Since the pandemic began, couples have argued over ruined wedding plans. They went on the date, no one got cold feet, but they were forced to postpone or cancel weddings through no fault of their own. Executive orders closed venues and when they finally reopened their capacities and protocols were extremely limited.
If you procrastinate, you might be forced into an undesirable day of the week like Tuesday. If you’ve canceled, many venues have been telling couples for a year that they can’t get a penny of their money back. Some would only give partial refunds even though the venue did not provide anything.
Now there are laws that regulate this and would force the venues to return all the money to a party that canceled a wedding, bar mitzvah, sweet 16 party, etc. due to the pandemic. It would also not allow for exorbitant fees tied to postponements.
Indeed it does. We took calls on Tuesday on the matter and a gentleman spoke of his son learning from a venue that he would have to postpone his wedding and accept a Wednesday and that he would have to pay thousands of dollars more for this poor availability.
State Senator Vin Gopal is sponsoring the Senate version of the bill (there is an accompanying bill in the congregation) and says, “It is only fair that people who have paid fees or made deposits and then forced through no fault of their own should be able to cancel plans be able to request a refund due to exceptional circumstances. “
The calls we received on this matter were frustrating. A couple ran out of $ 9,000 when told they had to put off but couldn’t. He is in the armed forces and would be deployed abroad in a dangerous situation. He didn’t want her to be without benefit if something happened to him. So postponing was not an option. They had a little wedding in the back yard and the venue just did nothing to keep $ 9,000 away from them.

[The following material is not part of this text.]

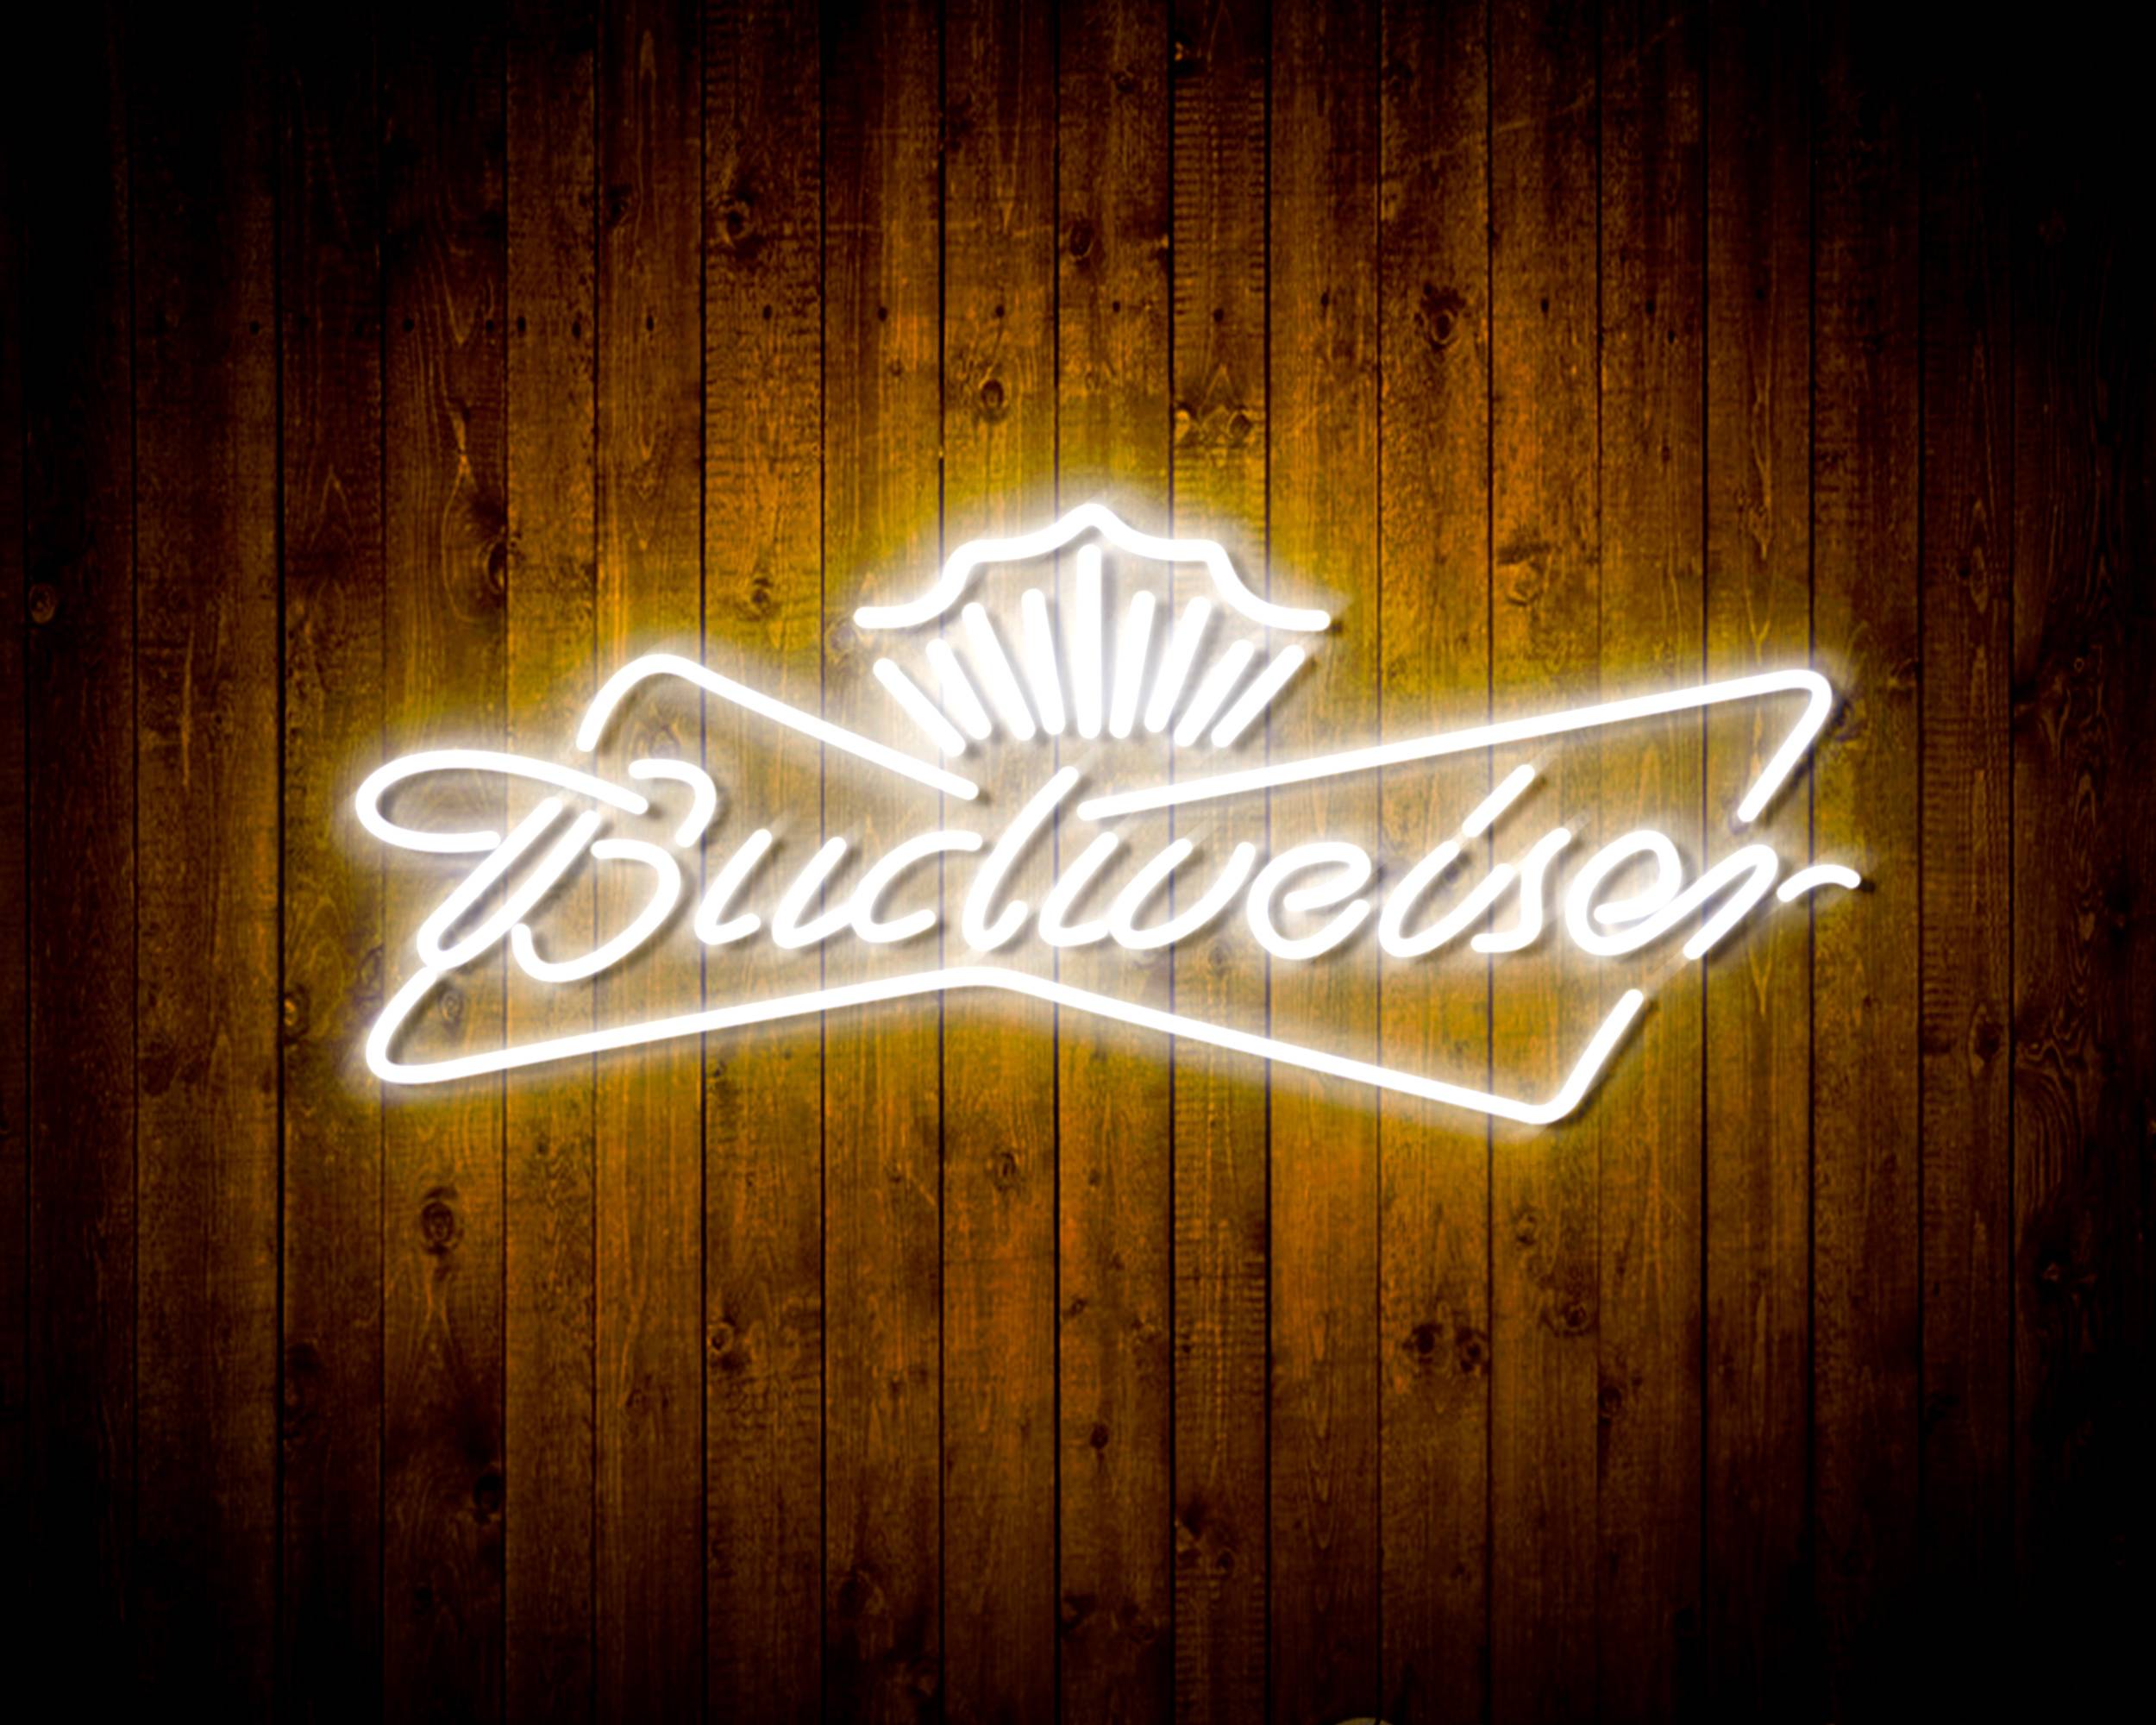 Budweiser 4 Handmade LED Neon Light Sign

Another woman who had planned a Sweet 16 party for her daughter last April couldn’t have it. The venue kept her money and postponed it until July. July came and it was still a no-go. They still wouldn’t refund their money and she ultimately had to postpone it to July 2021, well over a year after her daughter’s 16th birthday, which made the party pretty pointless. She half joked that if the venue played that game, she would consider rounding up every homeless person she could find and throw them the party with well-deserved good food and see how the venue liked it.
I usually don’t like the government telling private companies how to work. However, between a venue and a young couple, it’s pretty obvious who can usually absorb the financial blow more. And despite all of the lost deals of last year, the industry is now overbooked, doing business all in one for two years this year. From there the free nights come like Tuesdays and Wednesdays. So how fair is it that those venues that are already charging a ridiculous amount don’t suffer the loss? A couple who were not offered service shouldn’t have to lose money. Especially when the wedding industry increases its prices higher than the inflation rate every year. The average wedding in New Jersey is now $ 36,943, the second highest of any fifty states.
This bill must become law.
The above post reflects the thoughts and observations of New Jersey 101.5 talk show host Jeff Deminski. All opinions expressed are from Jeff Deminski.